ENTRIES SHOWN
☆ ☆ ☆

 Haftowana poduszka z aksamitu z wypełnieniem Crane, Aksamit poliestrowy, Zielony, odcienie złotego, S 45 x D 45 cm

☆ ☆ ☆

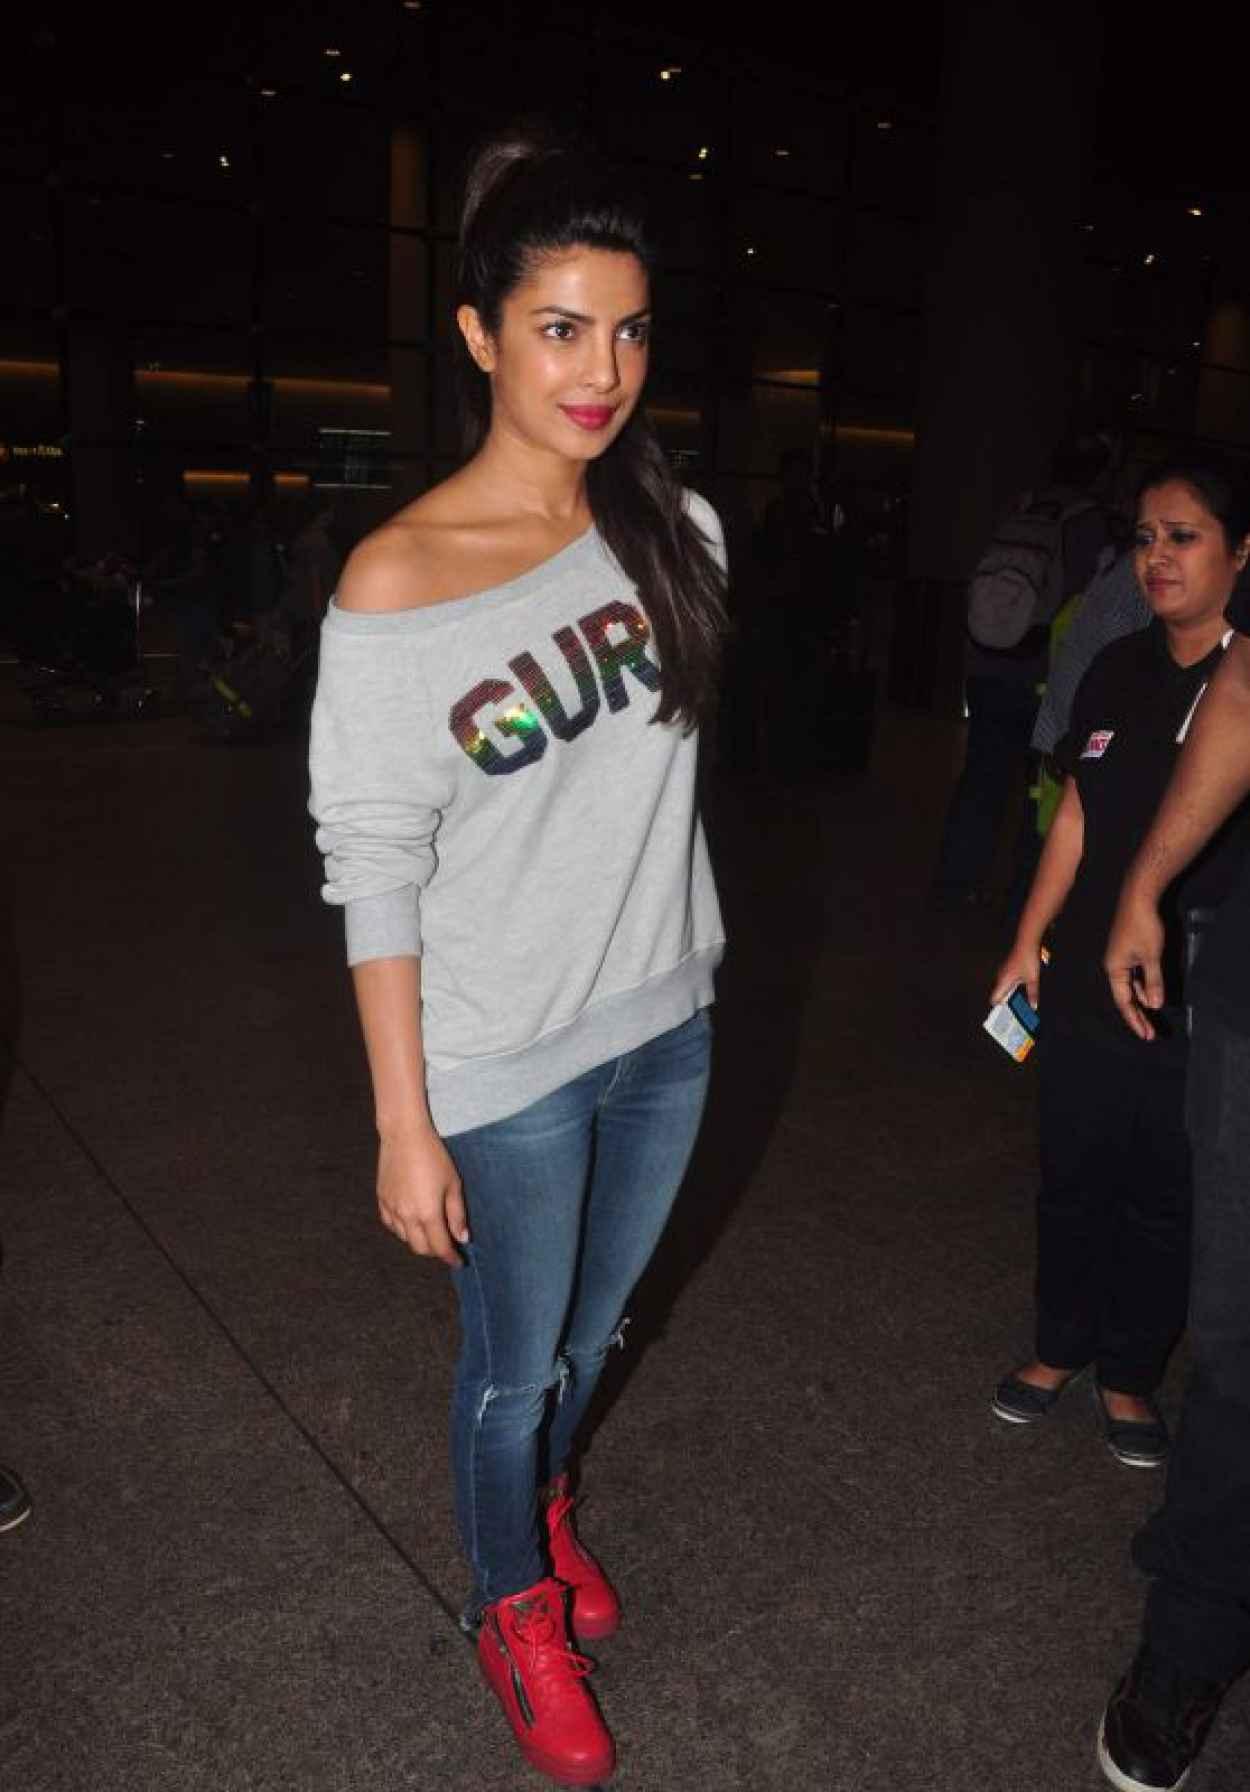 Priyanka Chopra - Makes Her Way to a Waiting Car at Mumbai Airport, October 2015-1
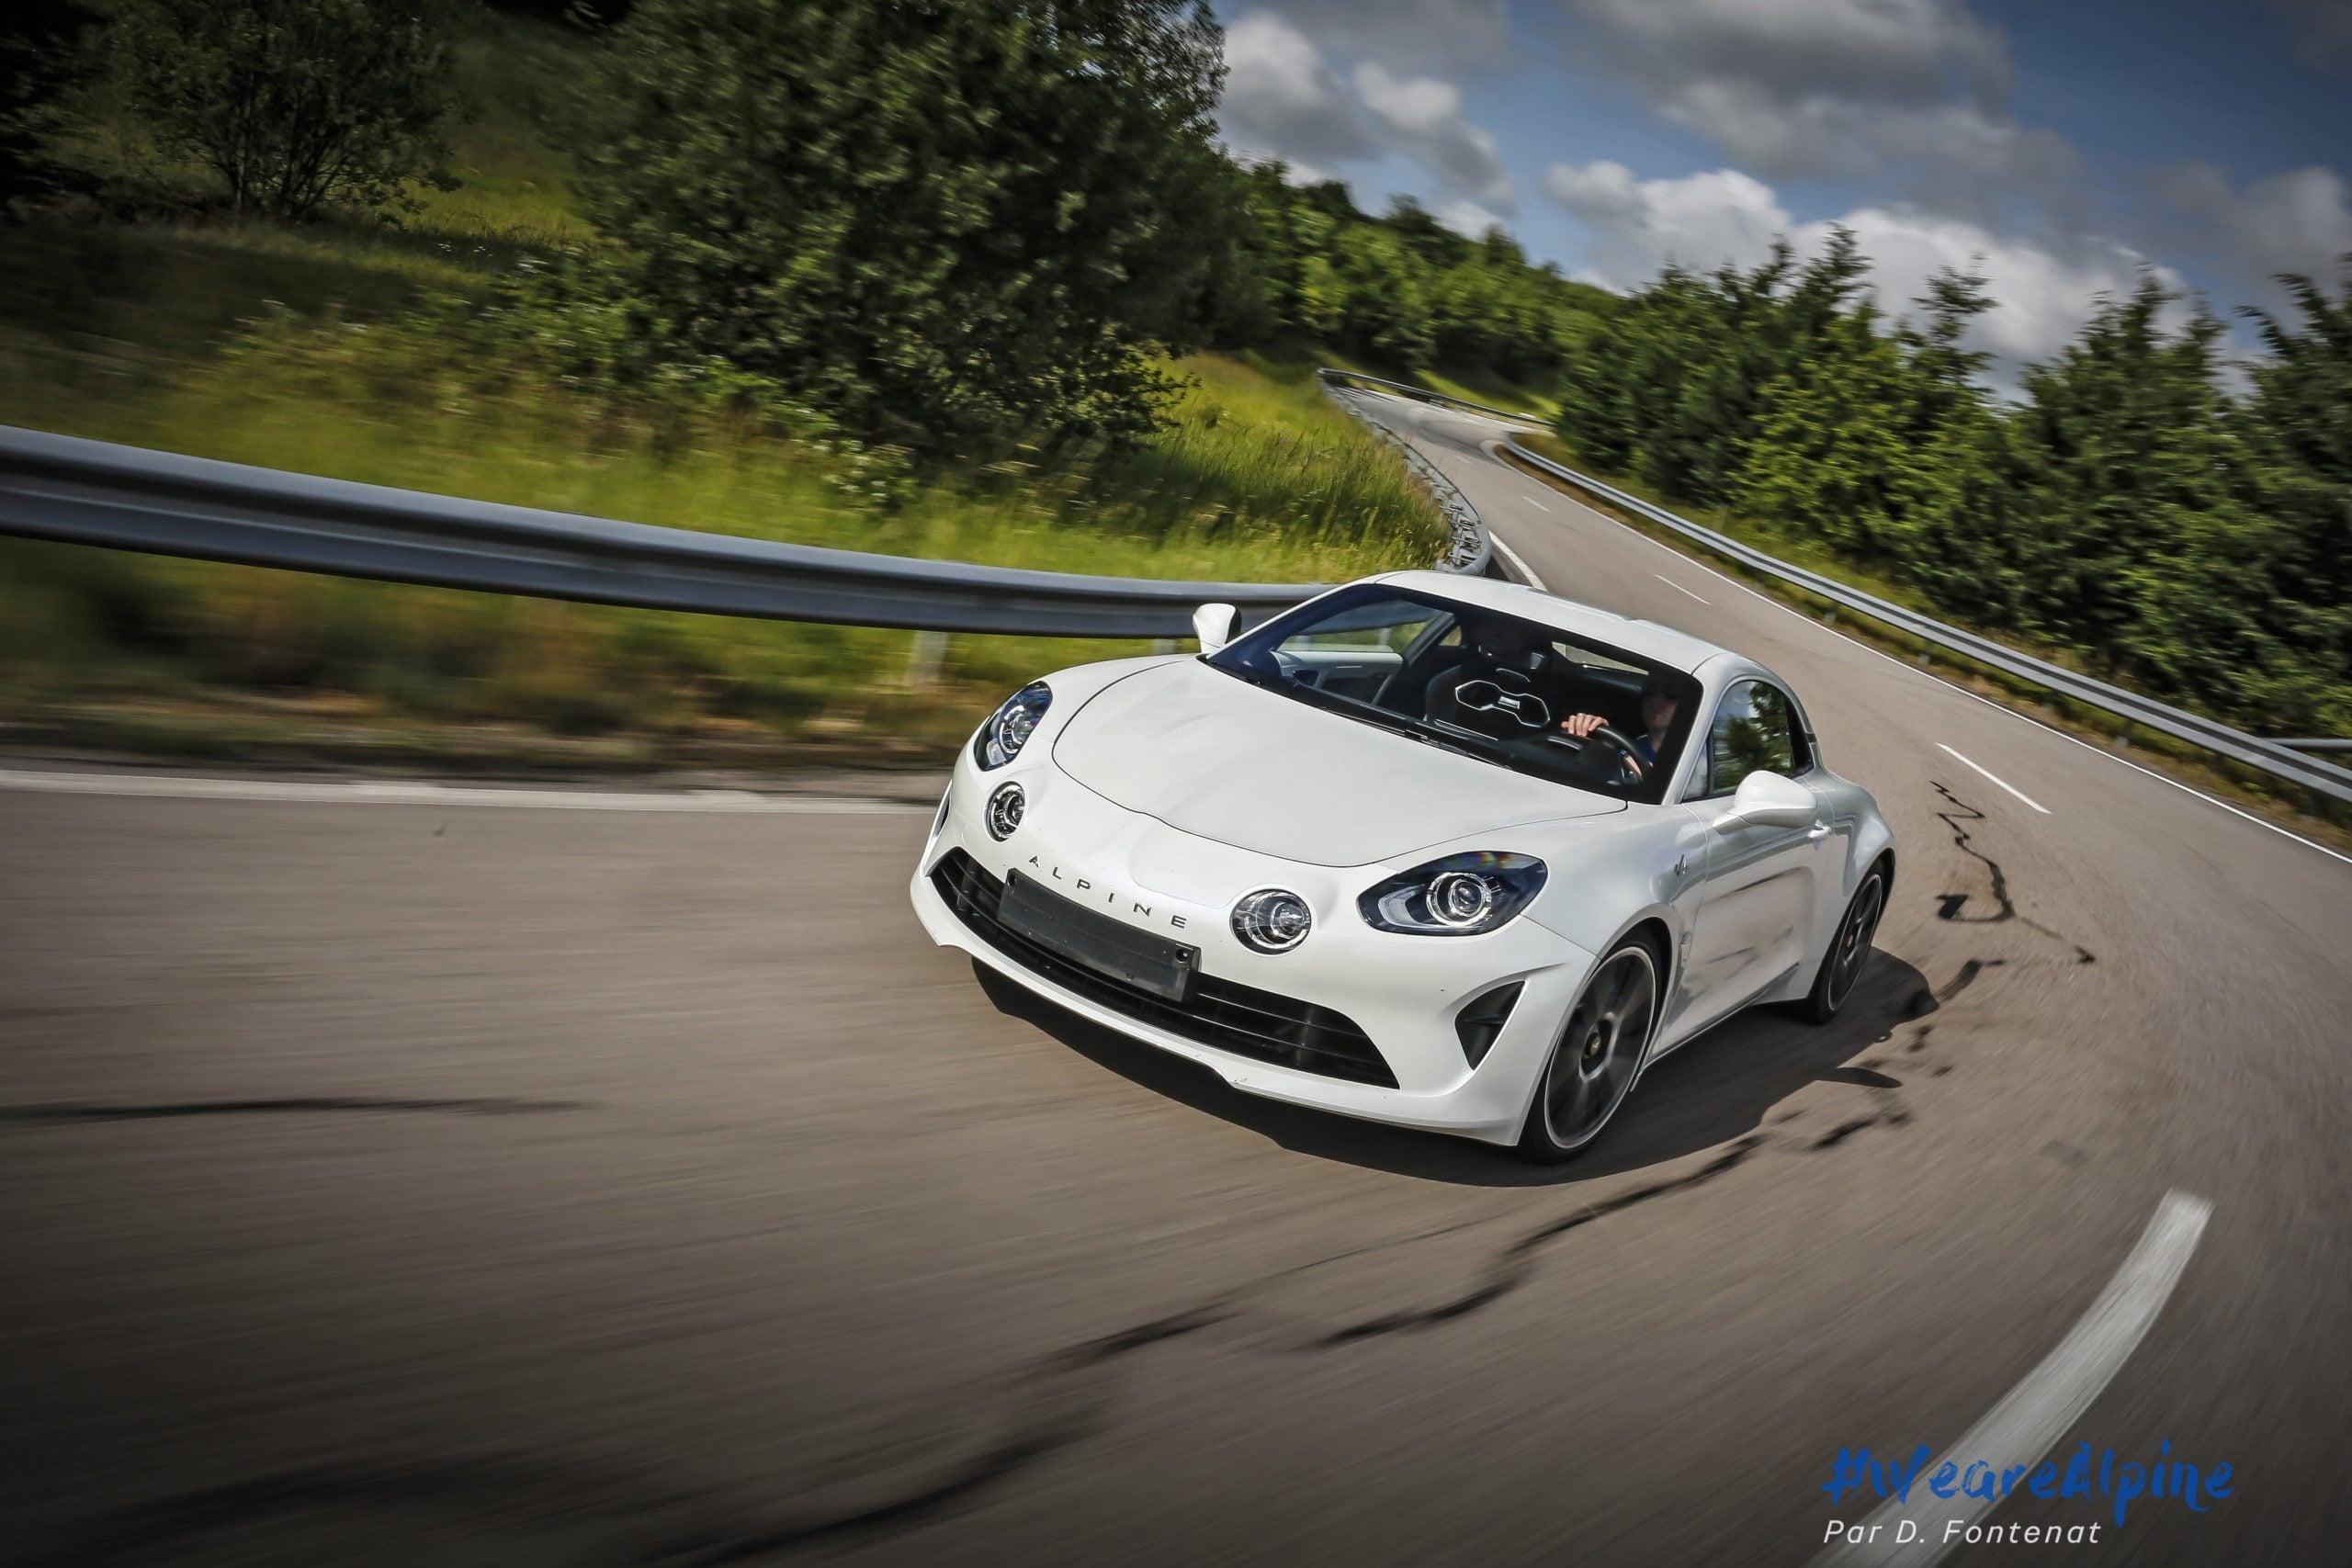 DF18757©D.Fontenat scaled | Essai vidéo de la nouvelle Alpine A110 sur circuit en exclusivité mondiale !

☆ ☆ ☆

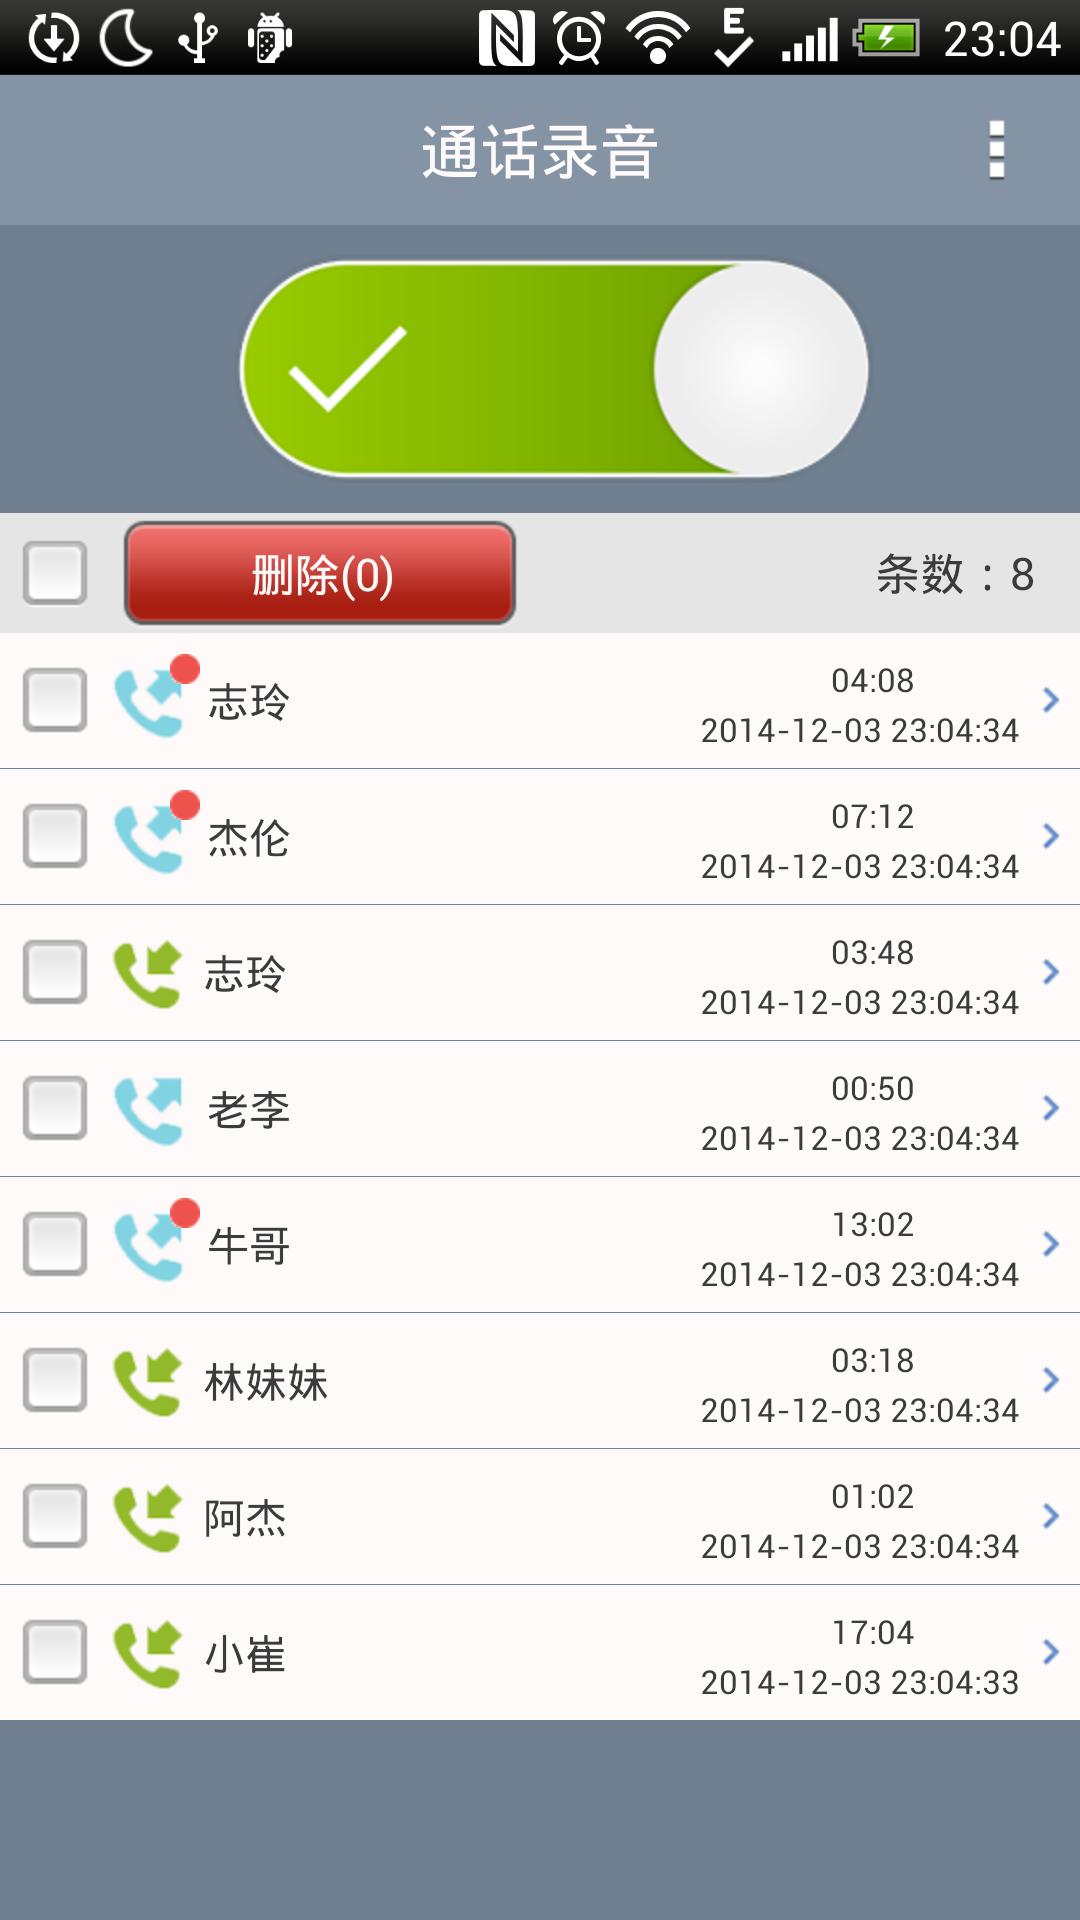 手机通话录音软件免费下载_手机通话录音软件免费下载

☆ ☆ ☆

ASSIGNMENT
Working from the entries above, please transcribe only the lines from the line with "Priyanka Chopra - Makes" through the line with "DF18757©D.Fontenat scaled |", exactly, with both end lines and without pictures.

YOUR RESPONSE
 Priyanka Chopra - Makes Her Way to a Waiting Car at Mumbai Airport, October 2015-1
 DF18757©D.Fontenat scaled | Essai vidéo de la nouvelle Alpine A110 sur circuit en exclusivité mondiale !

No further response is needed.